Головин походил на Деда Мороза в штатском. Смеющиеся глазки, абсолютно седые волосы и красное лицо. Размер одежды, которую он носил, превышал те, о которых слышал Стас Крячко, но дело было не в лишнем весе Головина, а скорее в его богатырском телосложении.
– Вы толком ничего и не объяснили, – начал он. – Позвольте ваши документы?
– Конечно. Я бы показал вашему секретарю, но в приемной никого нет.
– Рабочий день Нины начинается в девять утра, – напомнил Головин. – Впрочем, как и у остальных сотрудников.

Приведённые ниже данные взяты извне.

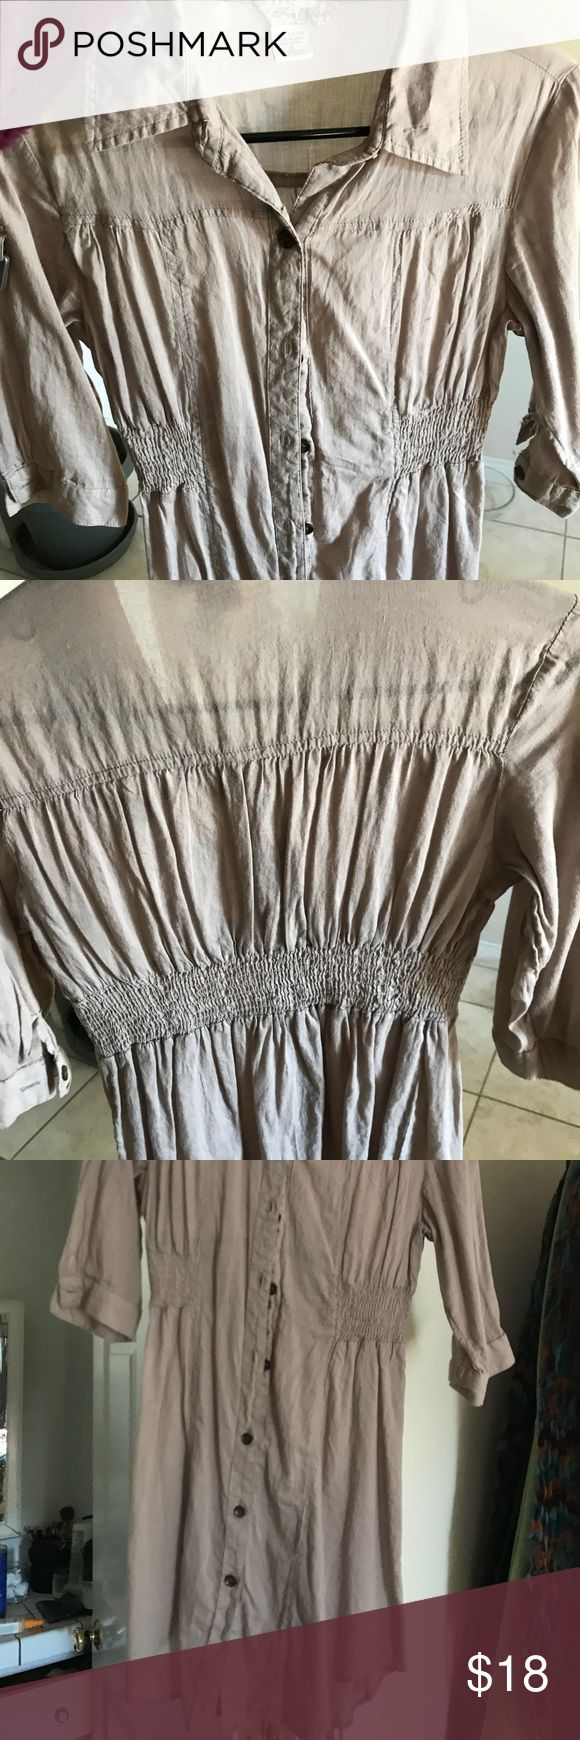 Cover up or layering dress (see thru) Beige  Cute and comfortable  Over bikini or leggings Dresses Midi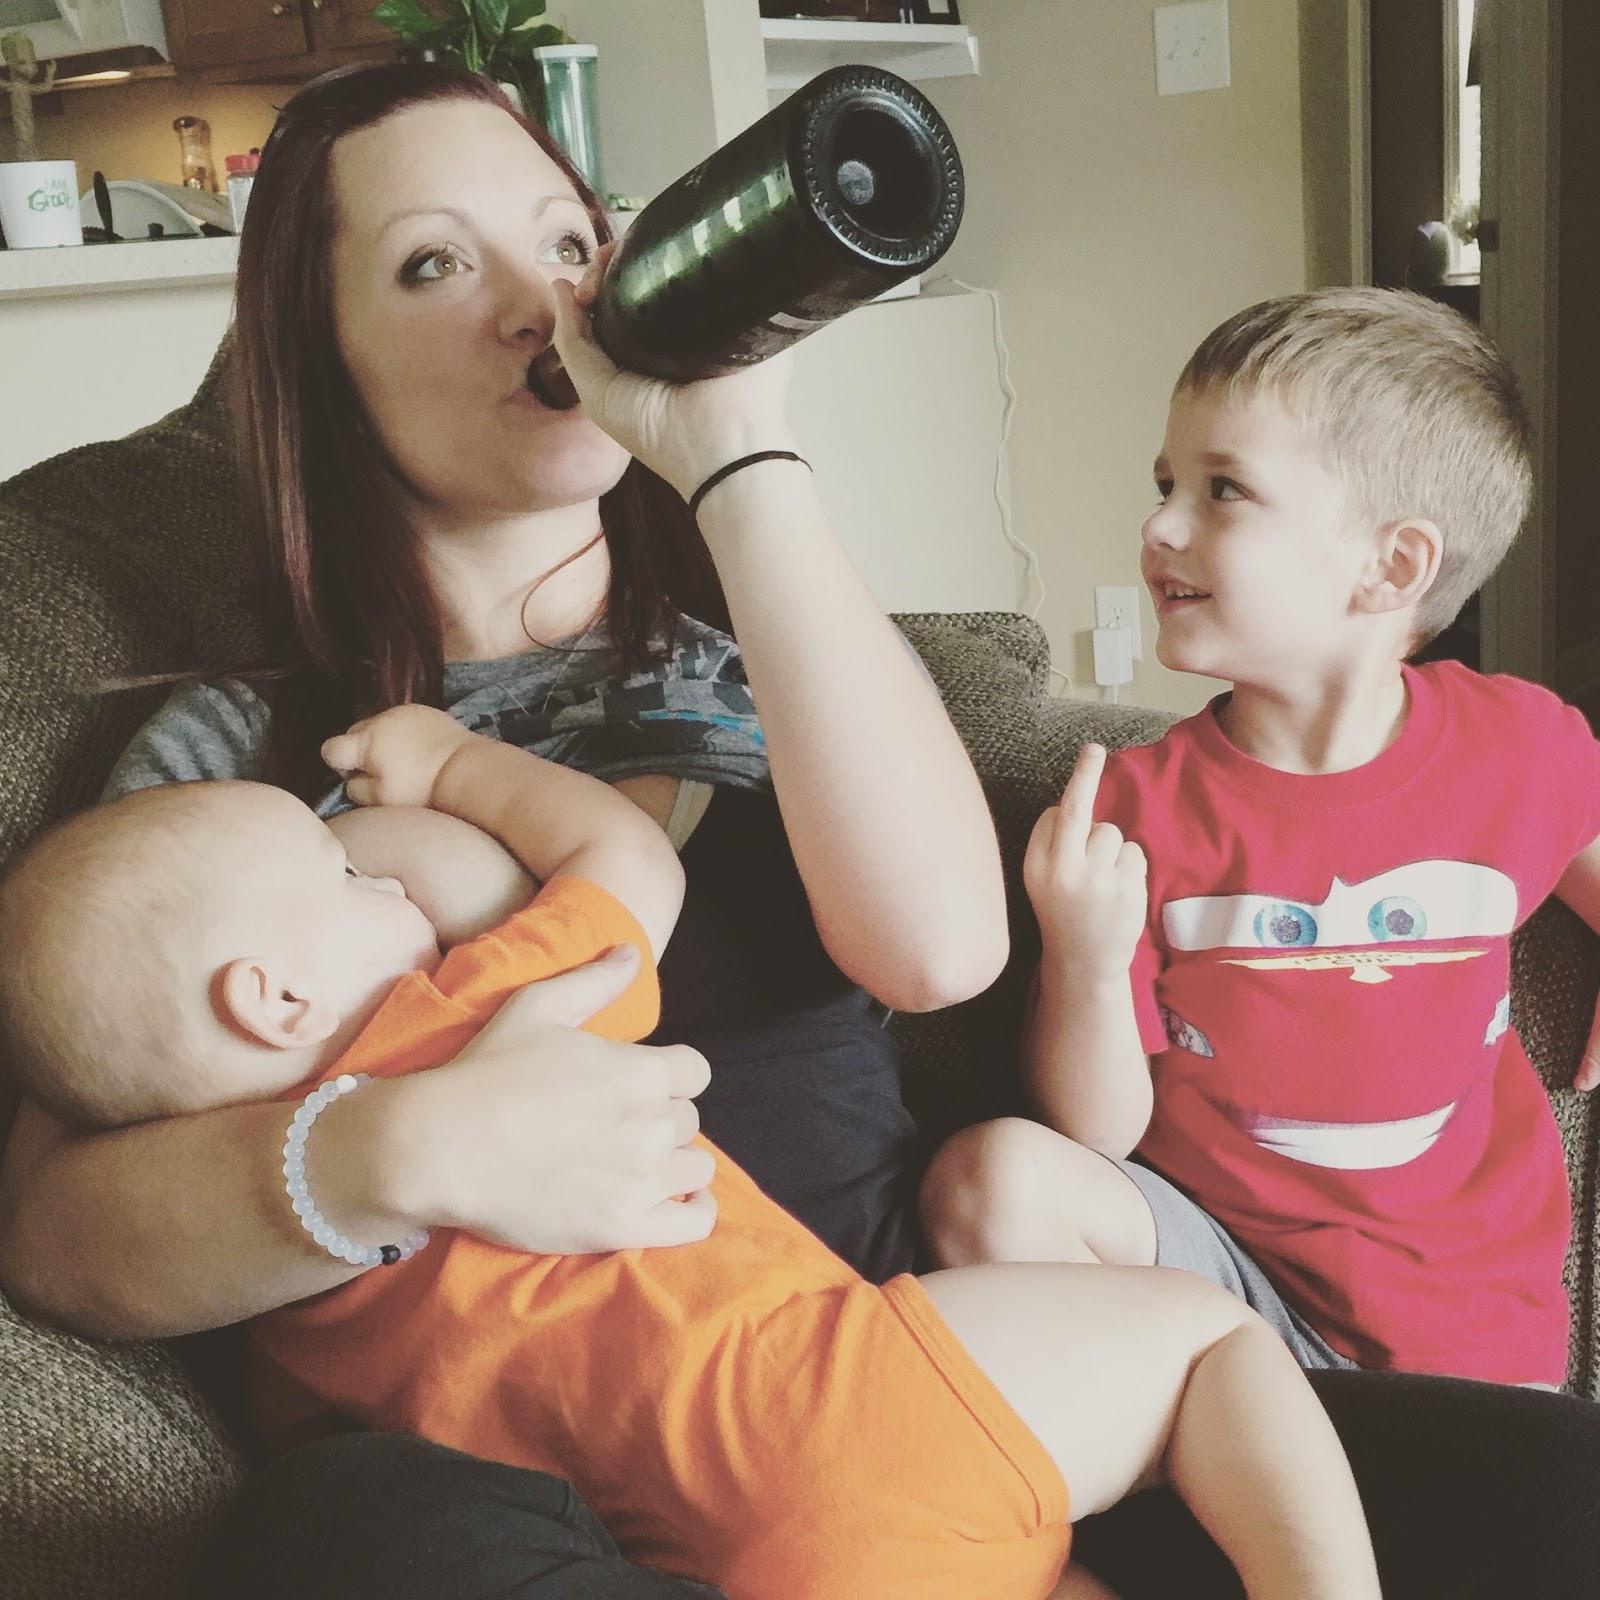 wine during breastfeeding

А у начальства он, как правило, ненормированный.
– Понимаю, – с уважением протянул Стас.
– У вас та же история? – улыбнулся Головин.
– Как видите, – развел руками Стас.
Головин вернул ему удостоверение и посмотрел на часы.
– Начнем, Станислав Васильевич.
– Вопрос у меня, прямо скажем, неожиданный, – начал Стас. – Вы, случайно, не помните такого сотрудника, как Николай Иосифович Эгерт?
– Коля? – очень удивился Головин. – Да, мы дружили.
– В самом деле? – Теперь пришла очередь Стаса удивляться.
– Да-да, мы вместе окончили университет, а потом пришли на работу в этот самый научно-исследовательский институт. Но… Коли нет в живых. Давно. Очень давно.
– Я знаю, – ответил Стас. – Об этом мне рассказала его вдова – Эмма Генриховна.
– Она еще жива?
В этот раз Головин удивился не очень сильно и, как показалось Стасу, был не слишком рад услышать ее имя.
– Эмма Генриховна скончалась несколько дней назад, – ответил Стас. – Сердце.
– Ну что ж… Значит, оно у нее все-таки было.
Головин посмотрел в окно.
– Значит, и Эммы теперь нет, – пробормотал он. – Что ж…
– Виталий Егорович, я к вам по другому делу, – напомнил Стас.
– Я понимаю. Глупо было бы думать, что вы пришли для того, чтобы сообщить о ее смерти. Но в некотором роде я вам благодарен.
– За что же?
– Я иногда вспоминаю молодые годы, – не отводя взгляда от окна, проговорил Головин. – Мы ведь везде ходили втроем. Коля, Эмма и я. Она была студенткой, хорошо рисовала. Планировала посвятить свою жизнь искусству. Ну а мы с Колей с головой ушли в науку. Он, правда, всегда меня опережал. Я не завидовал, потому что меня все устраивало и нам было нечего делить. Работали мы вместе, в одном отделе, а потом Коля увлекся исследованиями, а я как-то незаметно перебрался на руководящую должность. Стал его начальником, понимаете ли. Но это никак не повлияло на нашу дружбу. Мы по-прежнему уважали друг друга.